A few days after Thanksgiving, Dallas Selling — 19-weeks pregnant with twins — started feeling sick with a fever and had difficulty breathing. For days she tried to “tough” it out, but she finally gave in on Dec. 2 and called an ambulance. She was taken to Clovis Community Medical Center’s emergency department.
“Obviously no one wants to go to the hospital, but you have to listen to your body,” Selling said. “I’ve always been the type to push myself really hard … but you know when something is wrong.”
Because of her coronavirus infection, Selling’s lungs just weren’t able to take in enough oxygen for her and the babies, so the next day she was transferred to Community Regional Medical Center for a higher level of care.

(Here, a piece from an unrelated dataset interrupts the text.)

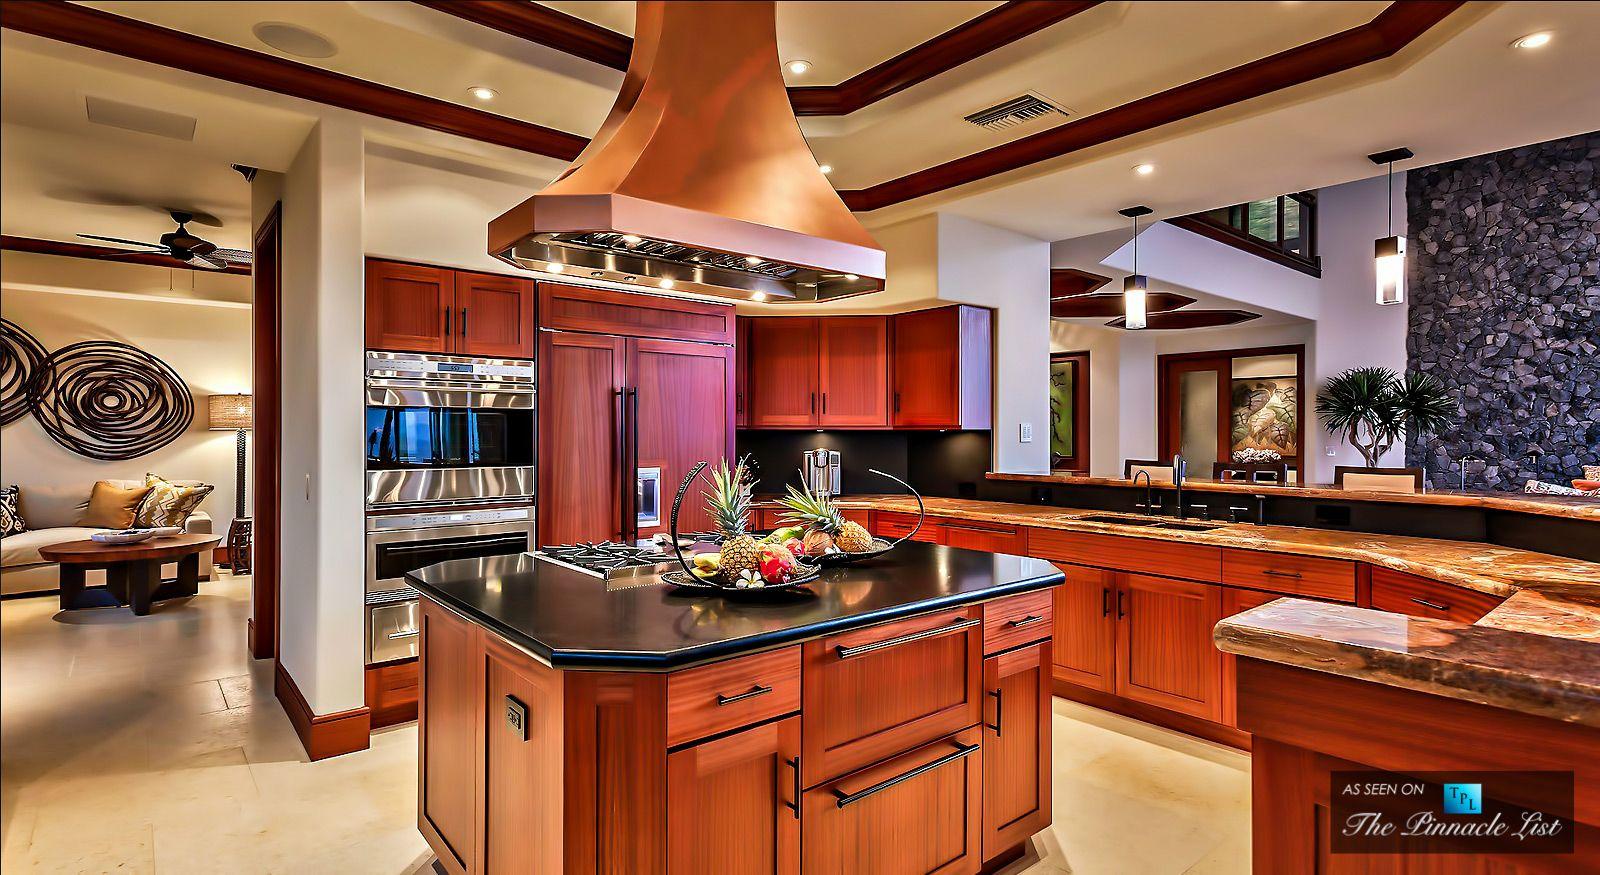 maui hotels with kitchens moen kitchen faucet warranty 3 kapalua place lahaina hawaii home

The team from the Valley’s only high risk antepartum center was standing by to help the intensive care team.
At Community Regional, Selling was put on a ventilator when her oxygen levels continued to drop. For almost three weeks she continued to decline. Fearing the worst, her physicians and husband decided she needed extracorporeal membrane oxygenation (ECMO) treatment in order to save her and the babies.
Recently released information from the U.S. Centers for Disease Control and Prevention (CDC) shows that pregnant women are at higher risk for complications from COVID-19 infection. The CDC says COVID-19-positive pregnant women who are symptomatic are two to four times more likely than non-pregnant women of similar age to develop severe illness. These women are more likely to require ICU admission, ECMO treatment or mechanical ventilation, and have a 70% higher risk of death than non-pregnant women.
Soon after starting ECMO, Selling began to show signs of improvement.